One of the first things I noticed along the trail was this tiny fern-like moss growing on some of the trees. It was very unique compared to anything I've seen before.

Most of the trail was lined with budding and fully-leafed out trees. Some sections of the trail terrain were rocky or had large boulders and rock wall perimeters, while other sections of the terrain were dirt or red clay.

We also spotted several types of wildflowers already in bloom.



A view of the South Yuba from the trail after coming to a clearing. I really just liked this tree.




Then! We came upon this fun little footbridge!

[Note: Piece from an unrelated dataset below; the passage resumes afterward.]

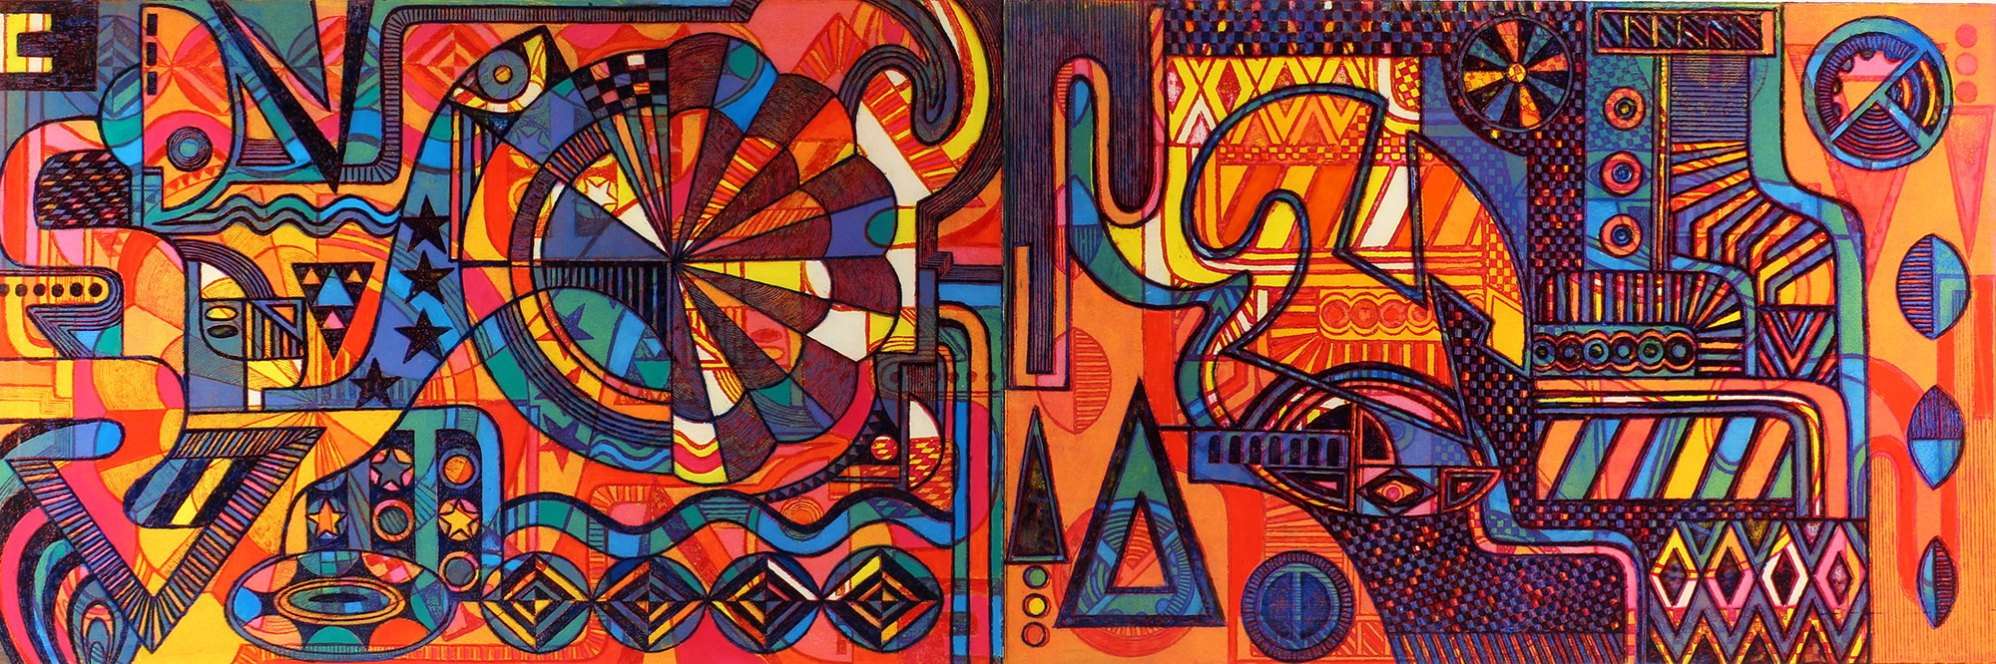 "Transcendentalism II 23.5"" x 72"" Etching on Paper"
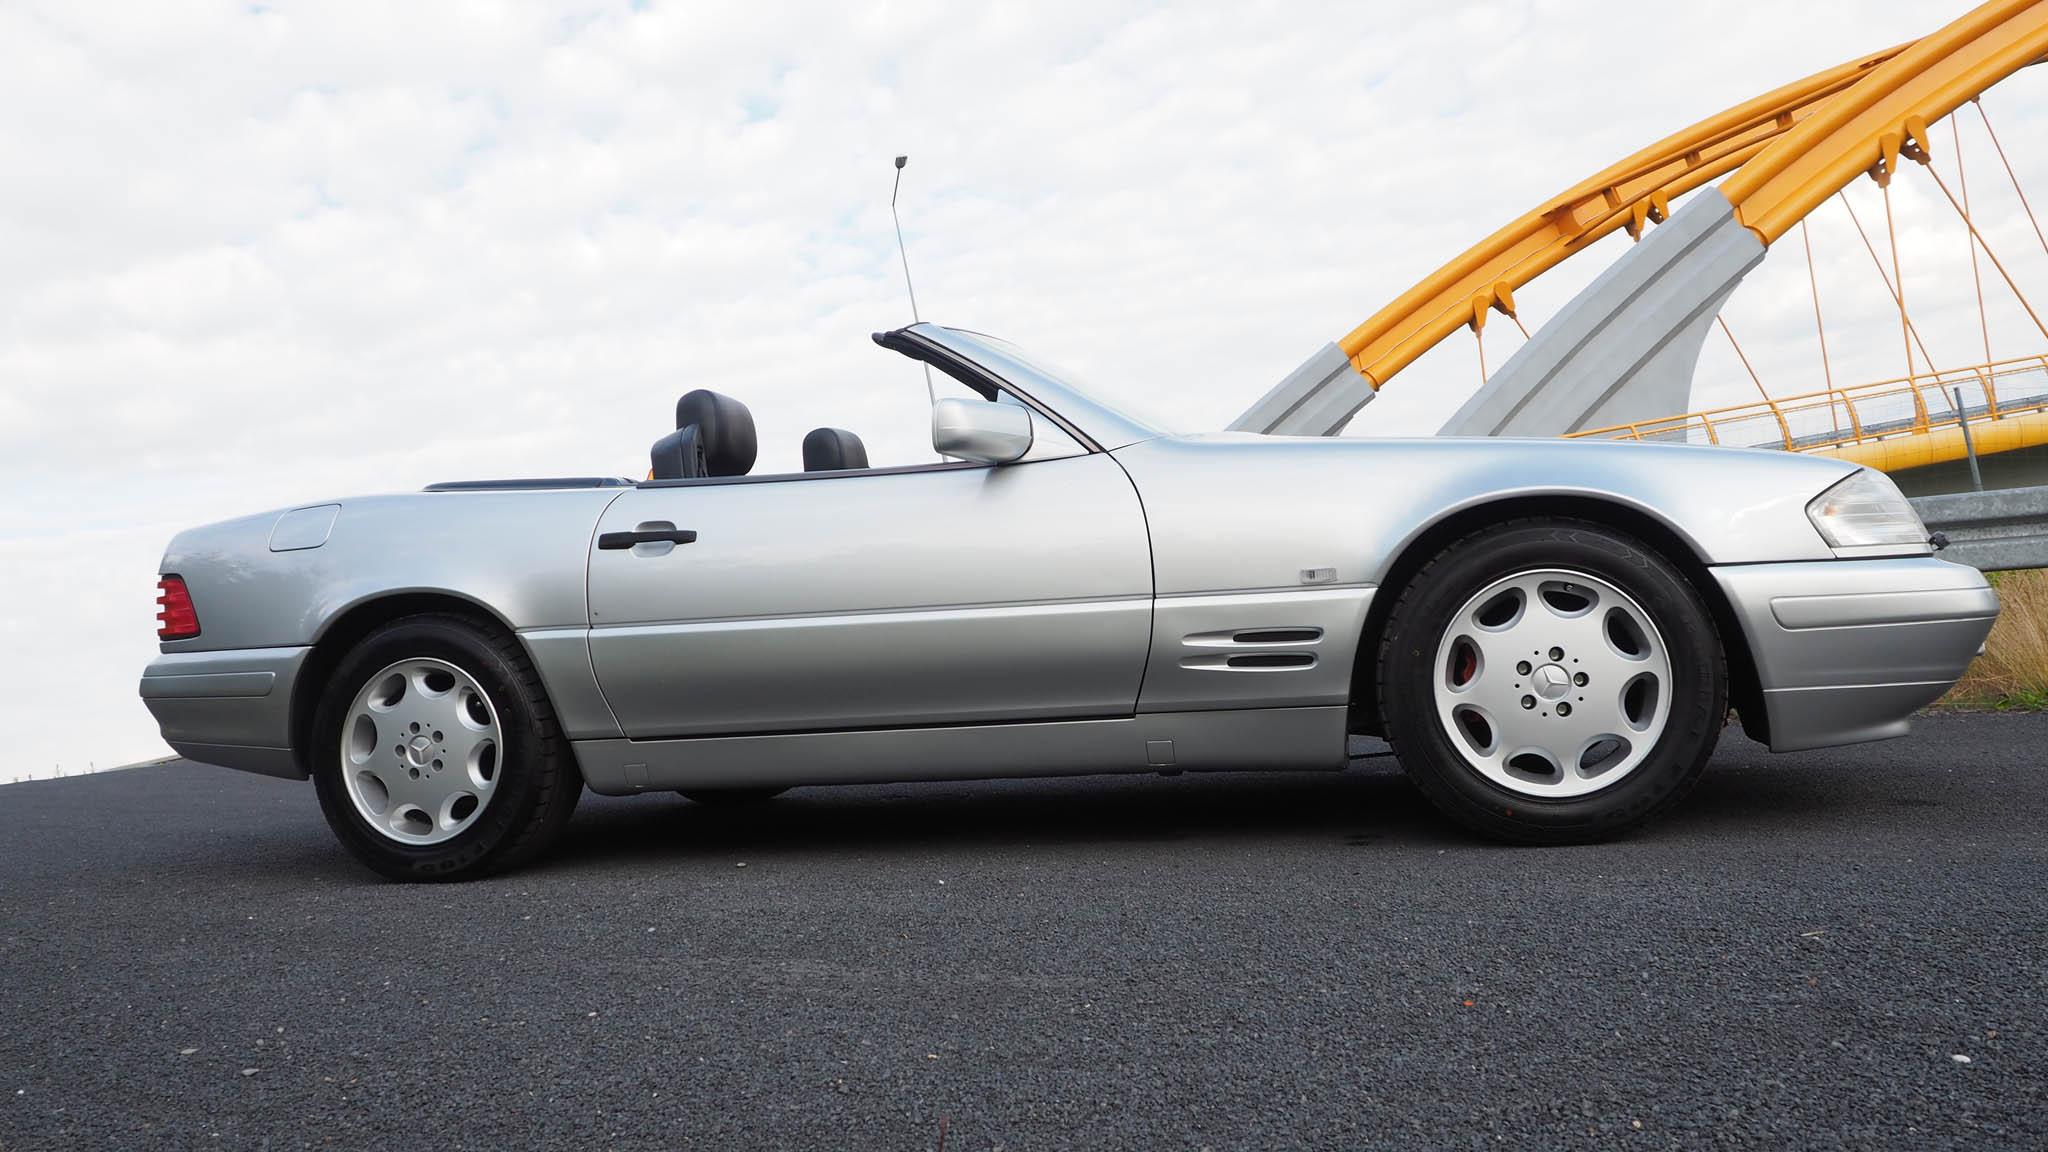 39 97 mercedes benz sl 320 nowex cars for 97 mercedes benz

Immediately after this bridge, the trail does a steep incline and you're fully back in the woods. Once the trail started descending again, we decided to just turn around and head back to the trailhead (fighting the bugs the entire way). I get disinterested in a hike without a specified destination. It's like, "Why push yourself when there's no finish line?"


On our return route, we stopped at this little path to a posted gold claim and took in the pretty river view.





We only hiked for about 4 miles, but the bugs made me feel more exhausted, so I was a bit relieved to get back to the Jeep. We continued down the bumpy forest road until we came upon roadside waterfall #1.



The road continued to wind up and up and it opened up to this view.

Then.


As we were rounding a curve, I happened to look back and I saw another roadside waterfall! This one was really something. We pulled off to the side and jumped out to get a closer look.




And when we climbed to the very top, we found a lovely pool that looked very inviting, but the water was pretty chilly to want to get in.


Look how idyllic this is!


Such a cool find, even though it didn't have the same amazing odor as another surprise roadside waterfall.


The next one-lane bridge seemed a little... on the skimpy side. The railings on our deck at home seem sturdier than the "railings" of the Edwards Crossing Bridge. It hardly seemed road-worthy, but we drove across it nonetheless! It was built in 1904.


When is the last time you saw a decorative "banister" like this on a bridge?

View of South Yuba River from Edwards Crossing Bridge.


Our last and final bridge of the day is the Purdon Crossing Bridge. This one seemed like it was a little more difficult to actually get to. At least from where we were. We had to get out the GPS map a few times and we turned around just as many before we eventually (unknowingly) used a "private drive" to cut over to the road we needed to get to. Whoops. Excuse us. In our defense, the sign indicating it was a "private drive" only existed at the other end of the road, so we didn't know until after we'd gone through it. We did get to see some cool chickens and beehives, though!


Back to the Purdon Crossing Bridge, originally built in 1889...


Another one-lane bridge with timber deck and it happens to be the only known example in California of a half-through truss (an unusual truss form in which the deck is carried approximately half-height between the top and bottom chords). I liked the combination of the black and brick-red colors.






Another day, another bridge, another waterfall, and some annoying bugs. But the weather was perfect and I always enjoy getting out of the house and seeing sights I've never seen before. Especially when we can also work in a hike.